Doc du mois - mai 2025 - Travailler comme un chien /
En ce mois de mai célébrant le travail, j’ai décidé de vous éclairer sur le sujet passionnant qu’est le travail des chiens aux XIXe et XXe siècles.
Dans les régions du nord de la France, frontalières avec la Belgique, outre son caractère fidèle à son maître et dissuasif envers les brigands, le chien a revêtu un aspect économique. Il a été un compagnon de labeur de bon nombre de travailleurs. Si son entretien coûtait 8 centimes quotidiens, on estimait le gain à 16 centimes : une aide précieuse et rentable.
Dans les ateliers des petits artisans, les canidés étaient utilisés comme des « petits moteurs ». Ils aidaient à actionner des équipements mécaniques comme les soufflets dans les forges ou la roue d’un cloutier.
Dès 1820, ils ont remplacé les chevaux dans les mines lorsque les boyaux étaient trop étroits, épargnant ainsi à un enfant de tirer ces charges dans des endroits exigus. Cette pratique était particulièrement prisée de nos voisins anglais ou allemands.
A Roubaix, on croisait plus facilement les chiens dans les rues et sur les chemins, tirant des charrettes menées par des travailleurs.

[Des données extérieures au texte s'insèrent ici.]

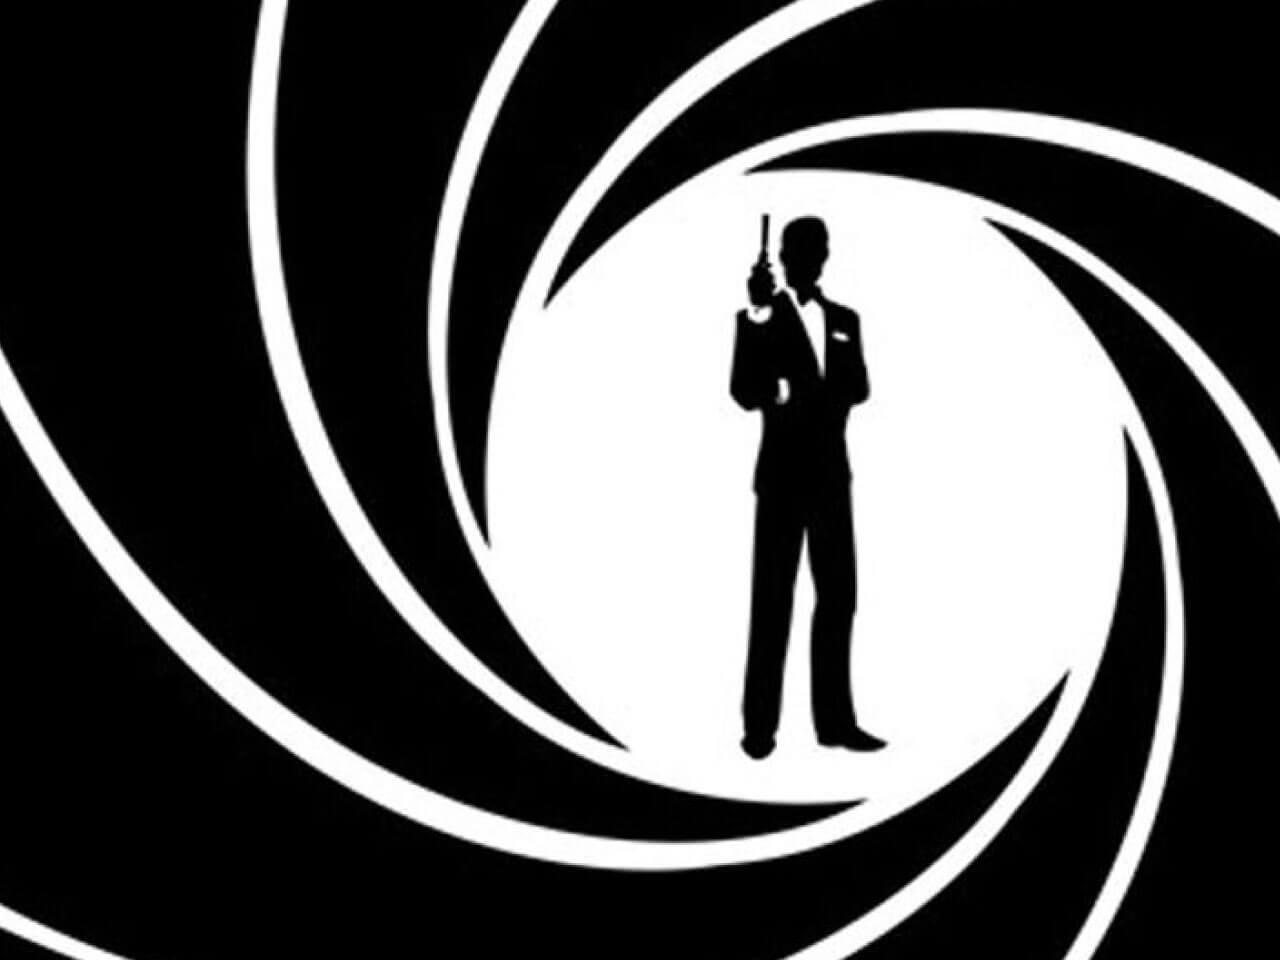 『007』シリーズ最新話の全米での公開日程が決定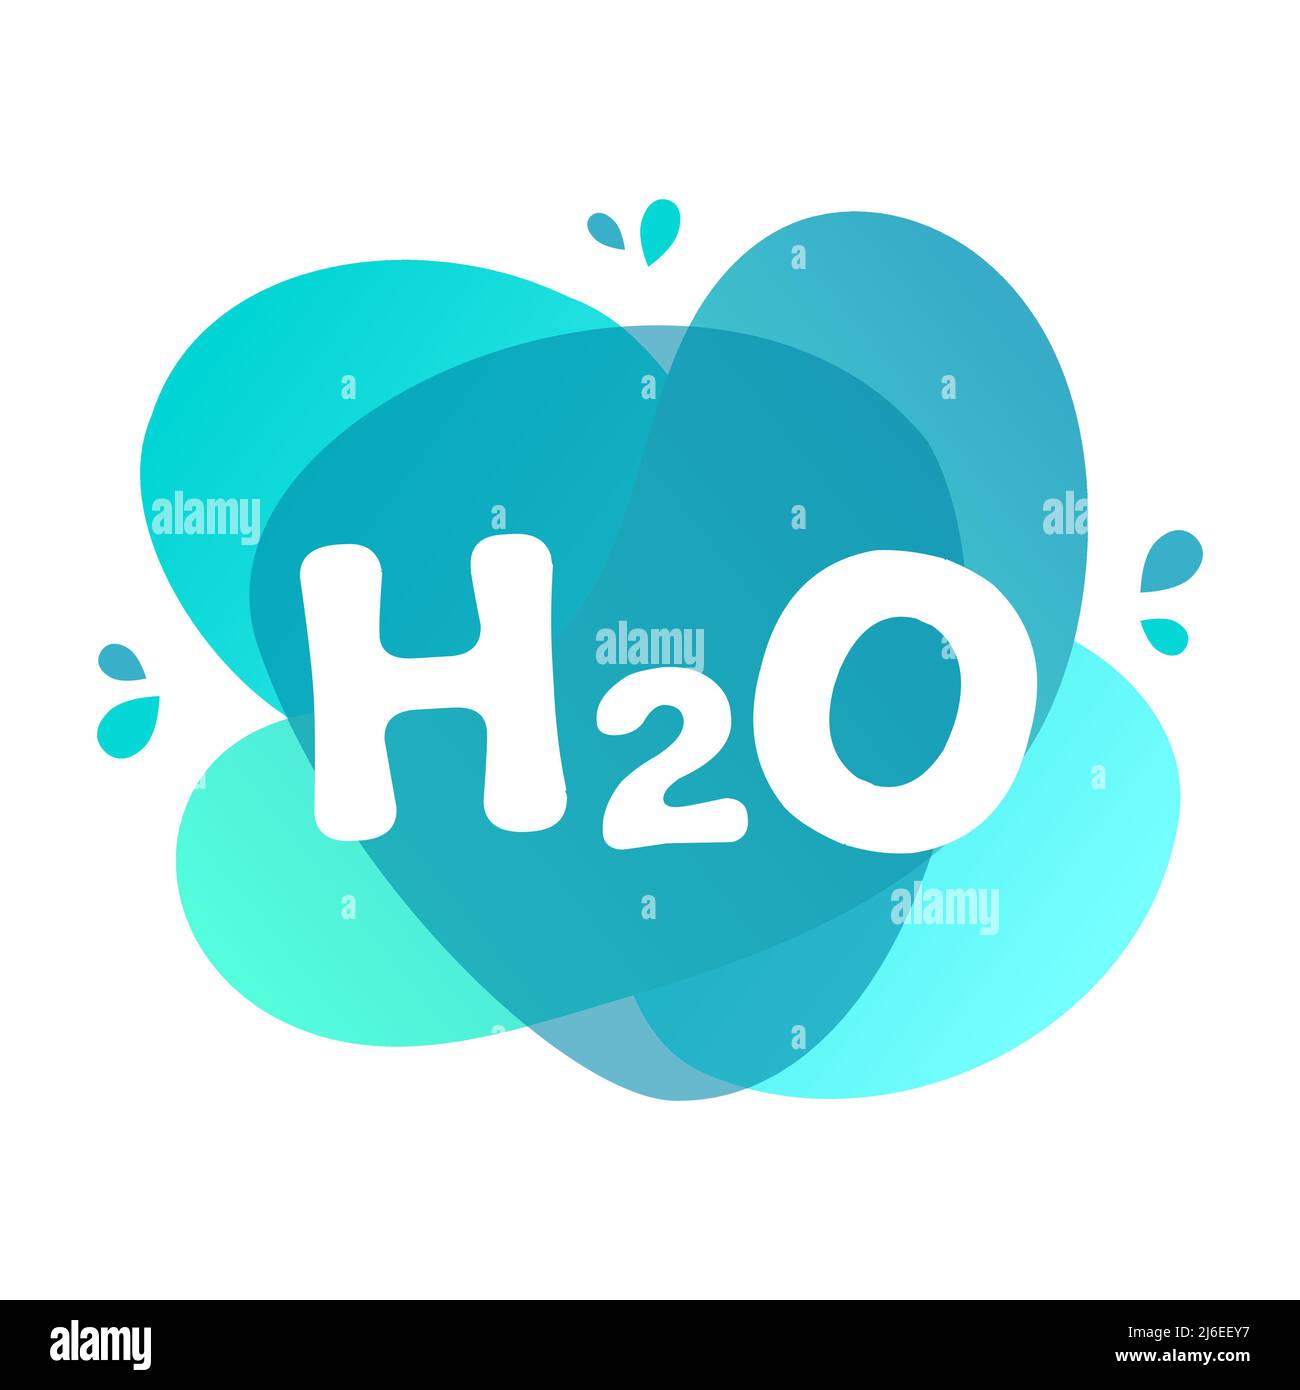 Wassersymbol auf blauem Splatter-Hintergrund. H2O Zeichen auf flüssigen Formen. Trendiges Wassersymbol. Erhaltung der natürlichen Ressourcen. Sauberes frisches Trinkwasser. Stock Vektor

De nombreuses personnes exerçant des métiers dits modestes ont eu recours à cette force de traction, bien moins onéreuse à l’achat et à l’entretien qu’un cheval ou un mulet. A partir du milieu du XIXe siècle, voici donc des boulangers faisant leur tournée dans les quartiers, des vendeurs de journaux et autres marchandes des quatre saisons équipés de charrettes à chien, plus communément appelées dans nos contrées "carrettes à quien".

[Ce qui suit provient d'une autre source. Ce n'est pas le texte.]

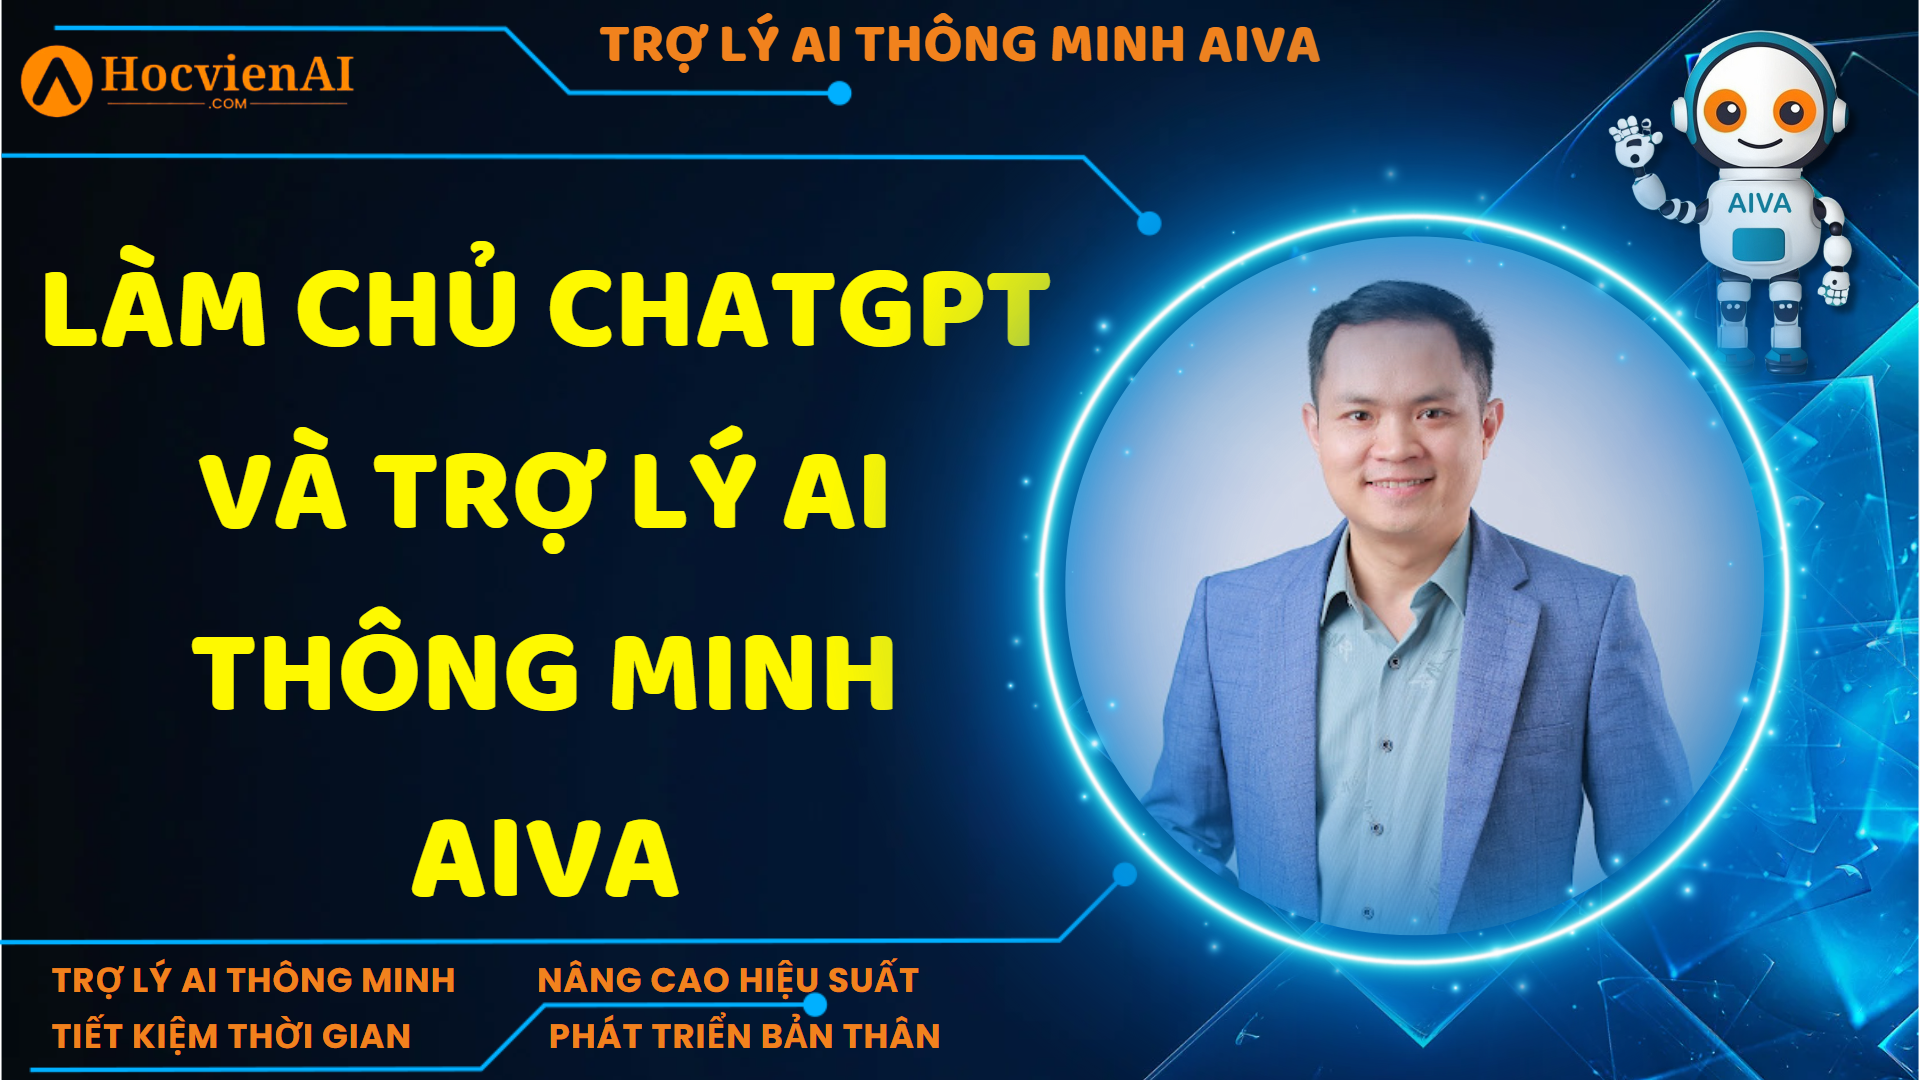 Làm Chủ ChatGPT và Trợ Lý AI Thông Minh AIVA

Chez nos voisins belges, la pratique était tellement répandue qu’une nouvelle race de chien de trait a vu le jour : le mâtin belge. Cependant, dans les milieux modestes, la race du chien tirant la charrette importait peu, de même que le gabarit. L’espérance de vie d’un chien de trait dépassait rarement les cinq ans, en raison de la charge excessive de la charrette par rapport au gabarit du chien, cumulée à des périodes de traction intense sans repos.

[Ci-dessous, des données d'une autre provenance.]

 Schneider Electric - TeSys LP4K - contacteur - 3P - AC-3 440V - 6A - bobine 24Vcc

De plus en plus populaires, les carrettes à quien, particulièrement rentables, cheminent dans le nord de la France et en Belgique à tel point qu’une législation est mise en place. La loi Grammont, punissant ceux qui exercent de mauvais traitements sur les animaux domestiques, a été adoptée en 1850 : un premier pas vers la reconnaissance de la souffrance animale. Des débats ont eu lieu entre les détracteurs des charrettes à chien, clamant que la traction est une maltraitance, et d’autres, comme Edgar Trigant-Geneste, qui affirmaient que « les chiens se font à la traction des voitures, lorsqu’ils y sont habitués de la même façon que les chevaux, les ânes et les mulets » (in TRIGANT-GENESTRE, Edgar, Les attelages de chiens - étude administrative, Editions Berger-Levrault et Cie, 1897).
Au milieu du XIXe siècle, de nombreux chiens erraient dans les villes et les campagnes et l’on craignait alors la propagation de la rage des chiens vers les hommes. En 1855, une loi imposait aux municipalités d’établir une taxe sur les chiens. Les chiens étaient classés en deux catégories : les chiens de chasse ou d’agrément et les autres. Pour chaque chien, le propriétaire devait s’acquitter d’une somme allant de 1 à 10 francs en fonction de la fonction qu’il donnait à son compagnon. En parallèle, les municipalités étaient libres de la gestion de l’abattage des chiens errants et de ceux dont les propriétaires voulaient se séparer, de bon ou de mauvais gré.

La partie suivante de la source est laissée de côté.